The Allied Democratic Forces killed at least 237 civilians in the last quarter of 2014, including 65 women and 35 children, the U.N. human rights office said in a statement.
“In total, ADF combatants attacked 35 villages. Attackers used machetes, hammers and knives, among other weapons, to wound or execute civilians. Some had their throats slit, were shot at while trying to flee, or were burned alive in their homes.”
Civil society groups in eastern Congo said the ADF had killed 13 people with machetes and hatchets in two overnight assaults over the last week.
“These violations, which were both systematic and extremely brutal, may amount to war crimes and crimes against humanity,” the U.N. statement said.
Dozens of armed factions are active in Congo’s chaotic east, where they continue to fight for control over vast reserves of gold, diamonds and tin following a 1998-2003 war that killed millions and drew in more than a half dozen neighboring countries.
The U.N. report said civilians in the Beni area where the ADF attacks occurred remain vulnerable to violence. The threat, it said, had spread to the Irumu region, also in the east of the central African state, where violations by ADF combatants have been reported this year.
The Congolese army launched a major operation against the ADF last year and says it has significantly weakened the group.

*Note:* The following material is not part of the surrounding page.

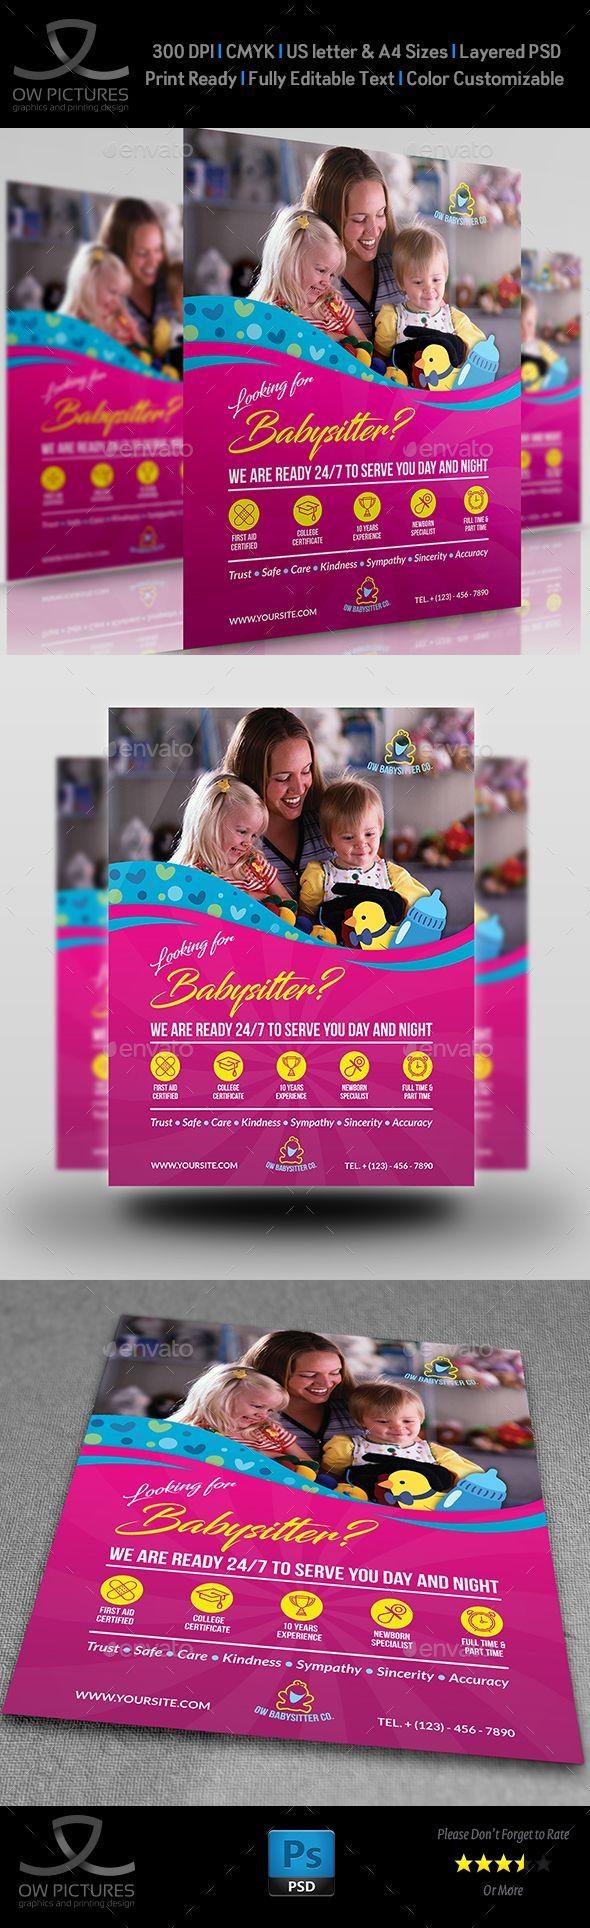 Babysitter Flyer Template Flyer Template Flyer Printing And Print

Major Victor Masandi, the spokesman for an operation against the group, said on Wednesday that the army killed 19 ADF fighters in a battle on Tuesday and lost four soldiers.
ADF leader Jamil Mukulu was arrested last month in Tanzania. Congo and Uganda have both asked Tanzania for his extradition.
“I welcome these initial steps towards justice but urge the authorities to redouble their efforts to hold to account all those implicated in the series of truly horrendous crimes that ravaged the Beni area last year,” U.N. human rights chief Zeid Ra’ad Al Hussein said in the statement.
The U.N. report said Congolese armed forces had also violated international humanitarian and human rights law and at least 300 people, including at least 33 members of the armed forces, had been arrested in connection with the Beni massacres.
Civilians continued to come under regular attack in the region. The Congolese army blamed ADF fighters for an ambush on U.N. peacekeepers last week that killed two and wounded 13 Tanzanian soldiers.